La segunda mala noticia la sabía el presidente en funciones antes de entrar al debate, aunque no se hizo pública hasta el día siguiente: el brutal ascenso del paro durante el mes pasado, el peor octubre para el empleo desde los peores tiempos de la crisis. La confirmación de su penosa política económica.

Y la tercera la provocó el propio Sánchez al día siguiente, cuando en RNE intentó aclarar cómo piensa traer al prófugo Puigdemont de Bruselas y dejó caer que lo haría utilizando a la Fiscalía. Esa confusión, ese embrollo al dar a entender que los fiscales dependen del Gobierno, se convirtió ayer en el argumento perfecto para los golpistas y sus palmeros: que si en España no hay separación de poderes, ni democracia, ni libertad, porque un presidente te puede meter en la cárcel... Lo que nos faltaba.

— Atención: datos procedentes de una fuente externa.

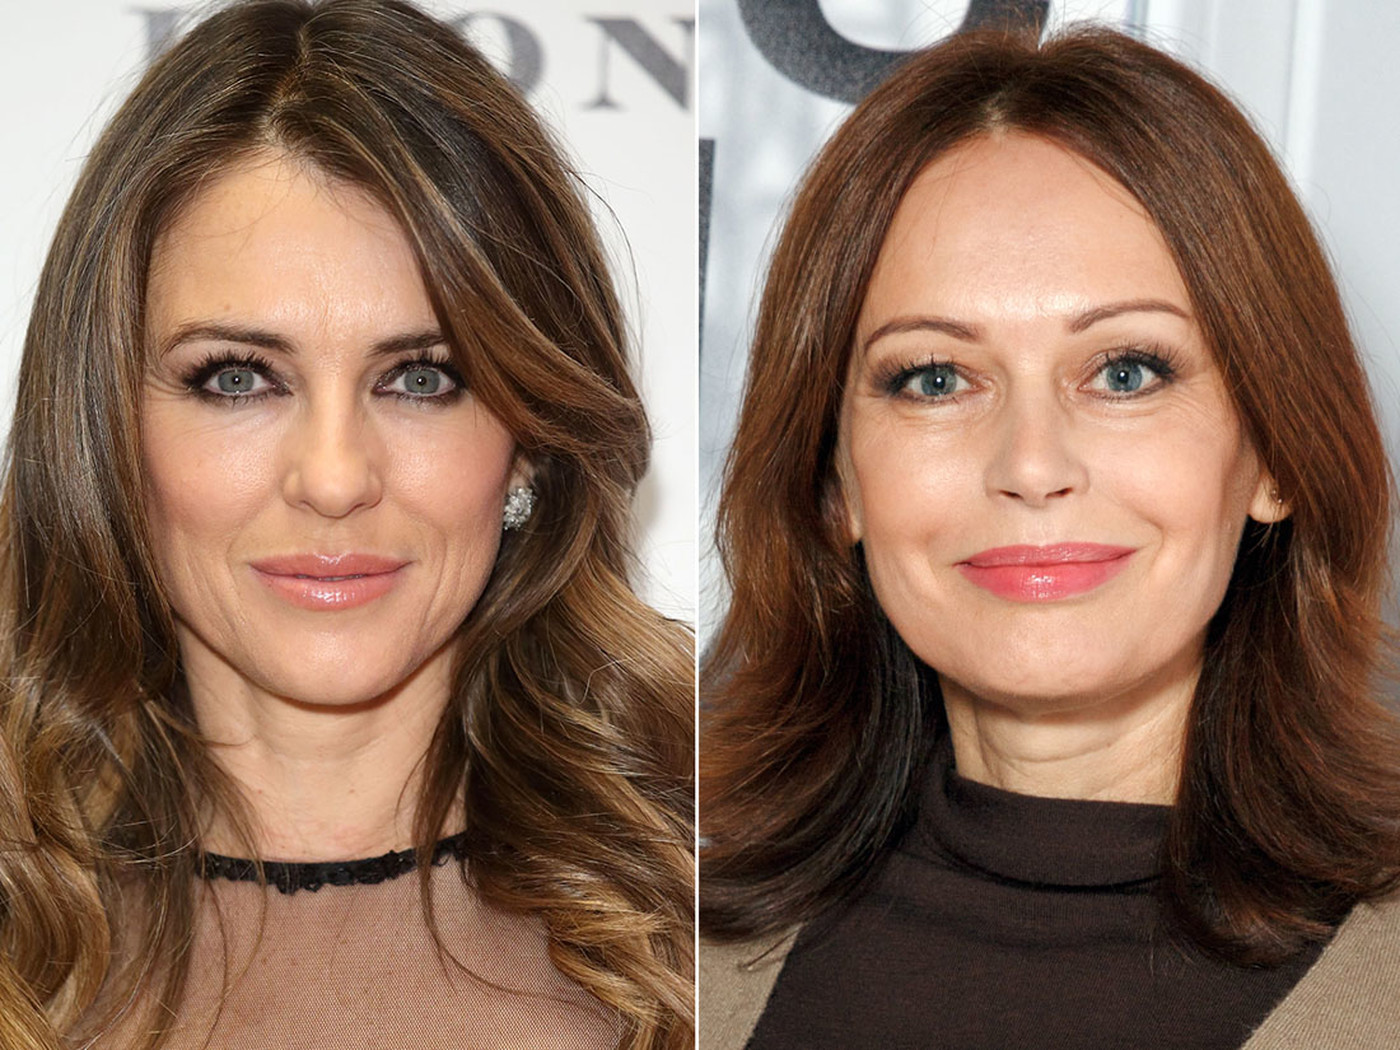 Элизабет Херли и Ирина Безрукова, 1965 года рождения, 51 год Обе актрисы не стареют ни душой, ни тел

A la torpeza de Sánchez se le une la mala suerte. Ayer mismo la Policía británica decidió no tramitar la orden de detención europea del juez Llarena contra la golpista Clara Ponsatí, porque a los ‘bobbys’ les parece mucho castigo para tan poco delito como es el de sedición. No sabemos si se trata de una broma propia del humor inglés al ‘estilo Míster Bean’ o sencillamente es que los ‘british’ se ríen de las autoridades españolas en sus barbas. En todo caso, la decisión supone un desprecio de tal calibre que echa por tierra ese objetivo sanchista de recuperar el prestigio de España en el mundo. Más bien nos convierte en el hazmerreír del mundo.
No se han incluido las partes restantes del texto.